At the company I work for, this has become a real issue. We are using
change detection to only re-render scenes when necessary. The broken
state of change detection for computed visibility means that we have to
to rely on the non-inherited `Visibility` component for now. This is
workable in the early stages of our project, but since we will
inevitably want to use the hierarchy, we will have to either:
1. Roll our own solution for computed visibility.
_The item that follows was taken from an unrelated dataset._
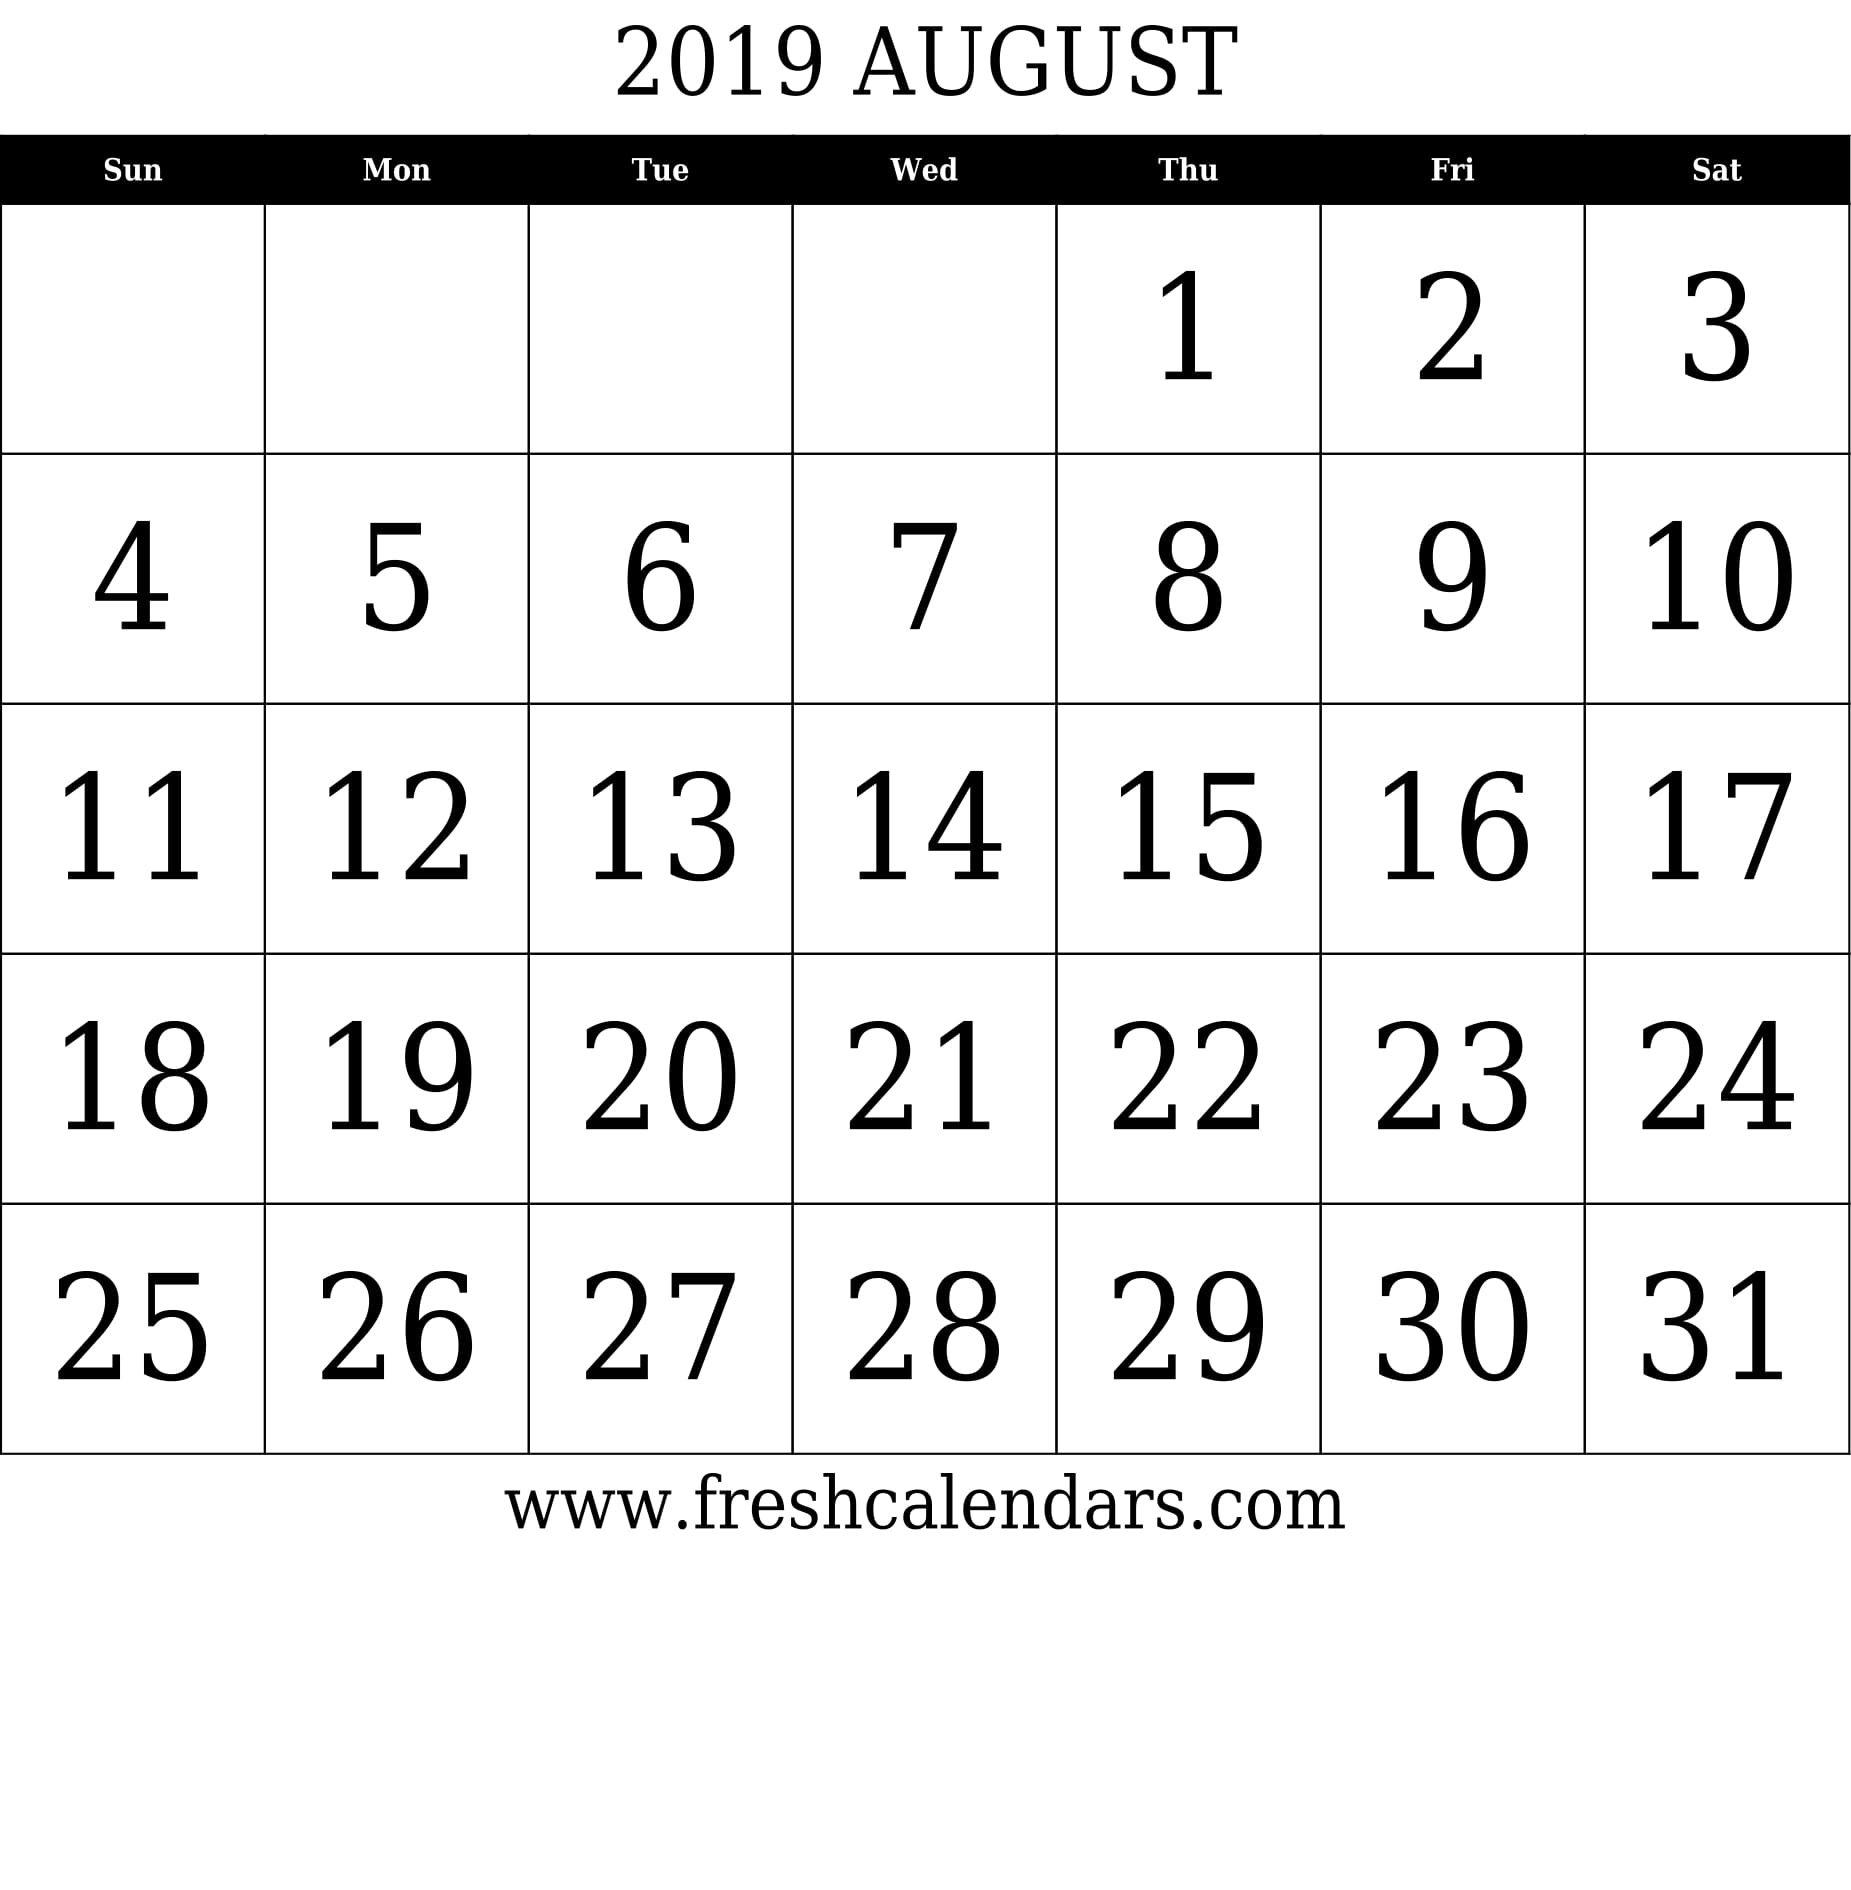 August 2019 Printable Calendars - Fresh Calendars 8 August 2019 Calendar

2. Fix the issue for everyone.
## Solution
Split the `ComputedVisibility` component into two: `InheritedVisibilty`
and `ViewVisibility`.
This allows change detection to behave properly for
`InheritedVisibility`.
View visiblity is still erratic, although it is less useful to be able
to detect changes
for this flavor of visibility.
Overall, this actually simplifies the API. Since the visibility system
consists of
self-explaining components, it is much easier to document the behavior
and usage.
This approach is more modular and "ECS-like" -- one could
strip out the `ViewVisibility` component entirely if it's not needed,
and rely only on inherited visibility.
---
## Changelog
- `ComputedVisibility` has been removed in favor of:
`InheritedVisibility` and `ViewVisiblity`.
## Migration Guide
The `ComputedVisibilty` component has been split into
`InheritedVisiblity` and
`ViewVisibility`. Replace any usages of
`ComputedVisibility::is_visible_in_hierarchy`
with `InheritedVisibility::get`, and replace
`ComputedVisibility::is_visible_in_view`
with `ViewVisibility::get`.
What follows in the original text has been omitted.